Command line interface¶

biokb_ipni -v import-data

-v provides you with information about the processes currently running. If you do not wish to see this information, you can simply omit -v.

Options with the CLI¶

  -f, --force-download          Force re-download of the source file [default: False]
  -d, --delete-files            Delete downloaded source files after import [default: False]
  -c, --connection-string TEXT  SQLAlchemy engine URL [default:sqlite:////~/.biokb/biokb.db]
  --help                        Show this message and exit.

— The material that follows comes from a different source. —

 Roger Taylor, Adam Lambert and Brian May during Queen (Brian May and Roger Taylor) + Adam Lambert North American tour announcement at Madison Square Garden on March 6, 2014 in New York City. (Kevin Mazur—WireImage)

Here an example to create a database with a custom name, force re-download of the source file, and delete downloaded source files after import:

biokb_ipni -v import-data -f -d -c sqlite:///my_own_name.db

How to write a connection string¶

In the last (and also in the next) section we used a connection string to define the type and name of the database. Here are some examples how to write connection strings for different database management systems:

SQLite: sqlite:///ipni.db (creates a file named ipni.db in the current directory)
MySQL: mysql+pymysql://username:password@localhost/ipni_db
PostgreSQL: postgresql+psycopg2://username:password@localhost/ipni_db

If you are using a different host or port, please adjust the connection string accordingly. For more details on connection strings, please refer to the SQLAlchemy documentation. SQLite and MySQL are supported out of the box. For other databases you need to install the specific libraries (like psycopg2 package) in your environment.

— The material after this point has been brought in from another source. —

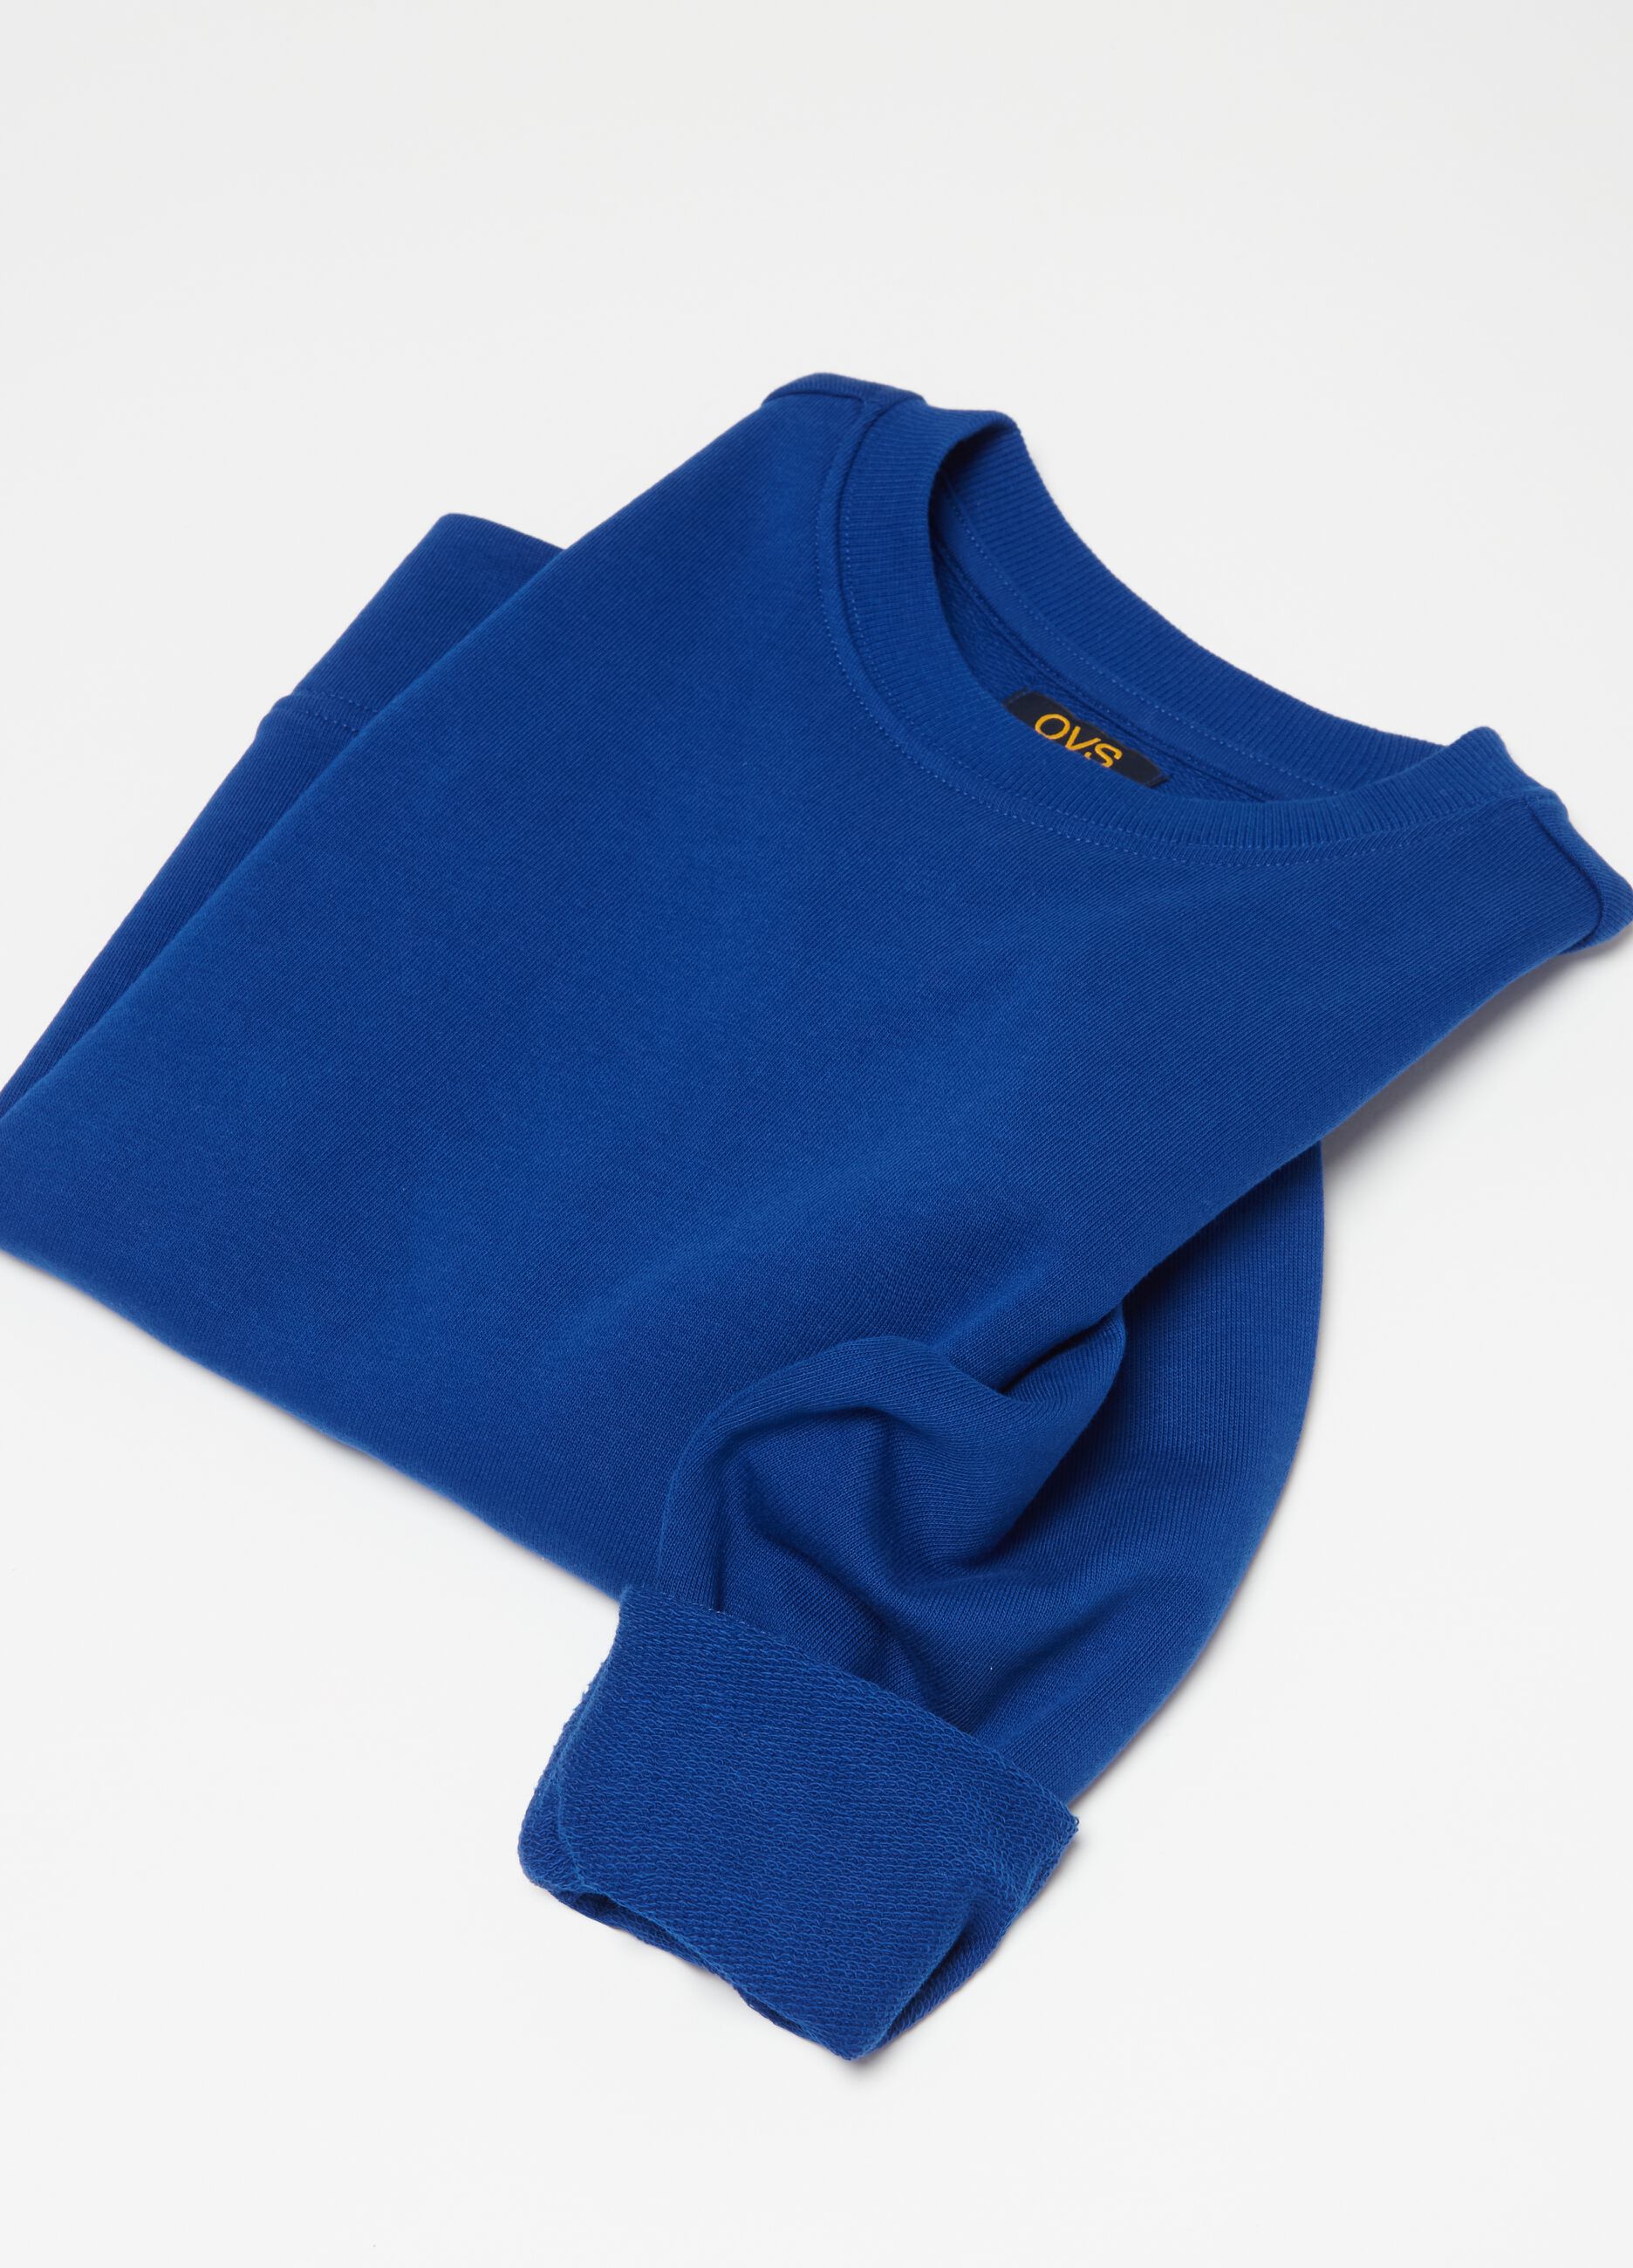 French terry sweatshirt with round neck

Python with other database management systems¶

If we want to use a different database like the default (SQLite -> ~/.biokb/biokb.db) in python we have to create an engine with SQLAlchemy first and then pass it to the import_data function. Here an example with MySQL (assuming you have already created a database named ipni_db in your MySQL server, host:localhost, port:3306, database: ipni, user: username, password: password):

from sqlalchemy import create_engine
from biokb_ipni import import_data

engine = create_engine("mysql+pymysql://username:password@localhost:3306/ipni")
import_data(engine)

RESTful API only¶

If you only want to use the RESTful API to access the data you can start it as follows:

biokb_ipni run-server

If you get an error message like:

biokb_ipni run-server
API server running at http://127.0.0.1:8000/docs#/
ERROR:    [Errno 98] error while attempting to bind on address ('0.0.0.0', 8000): address already in use

Use another port with the --port option:

biokb_ipni run-server --port 8080

Depending on the port (here 8080) open http://127.0.0.1:8080/docs#/ in your browser to access the API documentation.

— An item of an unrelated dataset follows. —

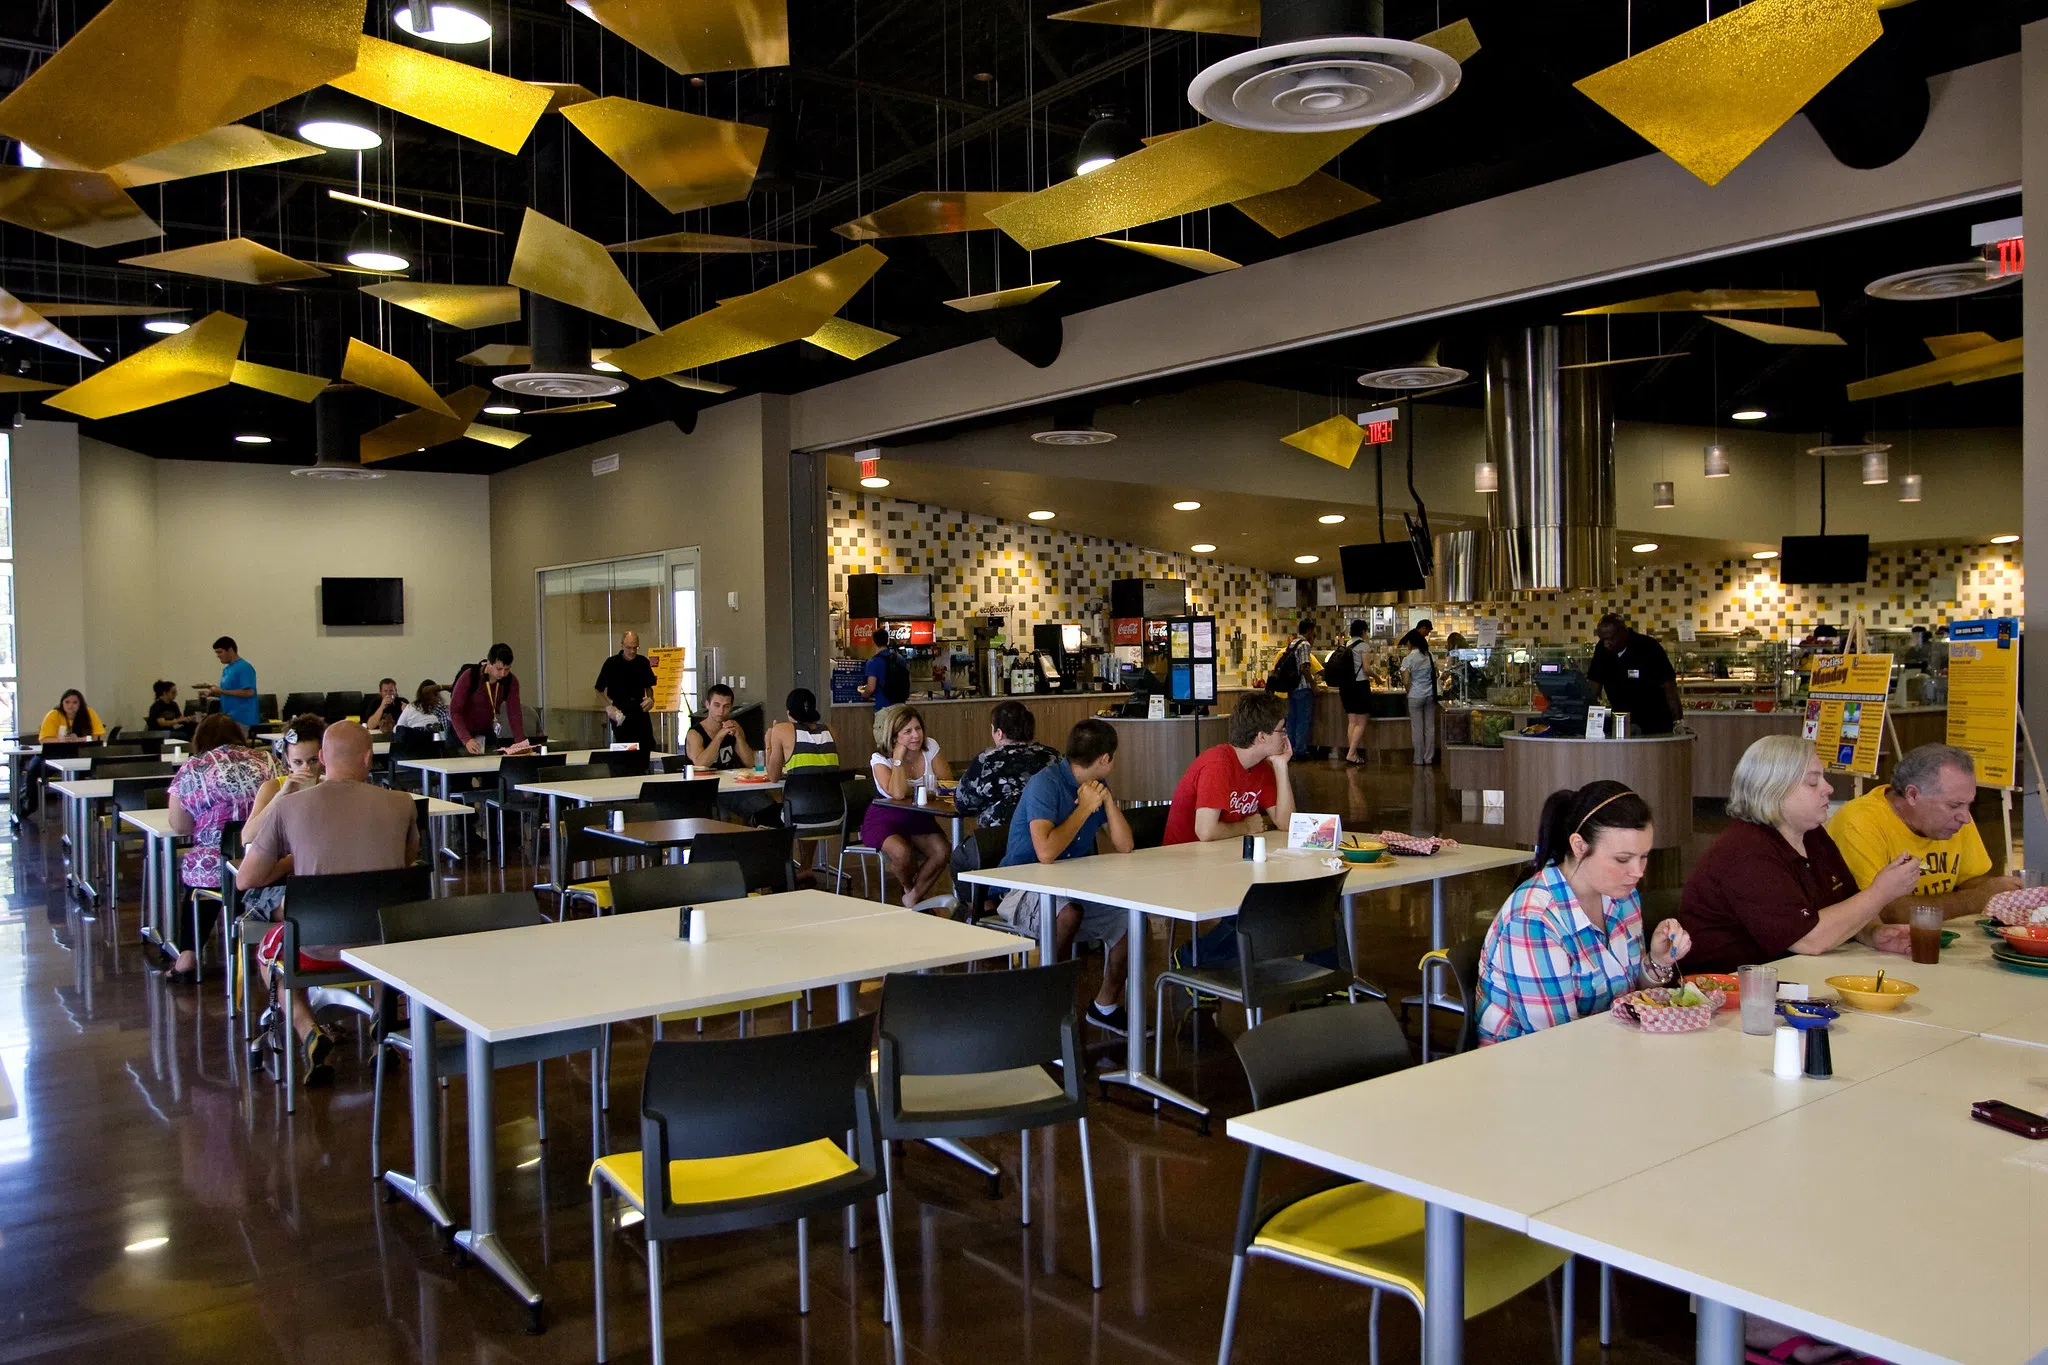 Students eating at tables inside Citrus Dining Pavilion.

By default username admin and password admin are used to access the protected methods of the API (with a lock symbol). You can change it with the options --user and --password:

biokb_ipni run-server --user my_user --password my_password

If data already import via biokb_ipni import-data the API will use the existing database located at ~/.biokb/biokb.db. Otherwise open the /import_data/ endpoint to import the data (use user and password). ttls files will be created (if not exists) and exported via the /export_data/ endpoint. If you want to import the data into a Neo4j Knowledge Graph use /import_neo4j/.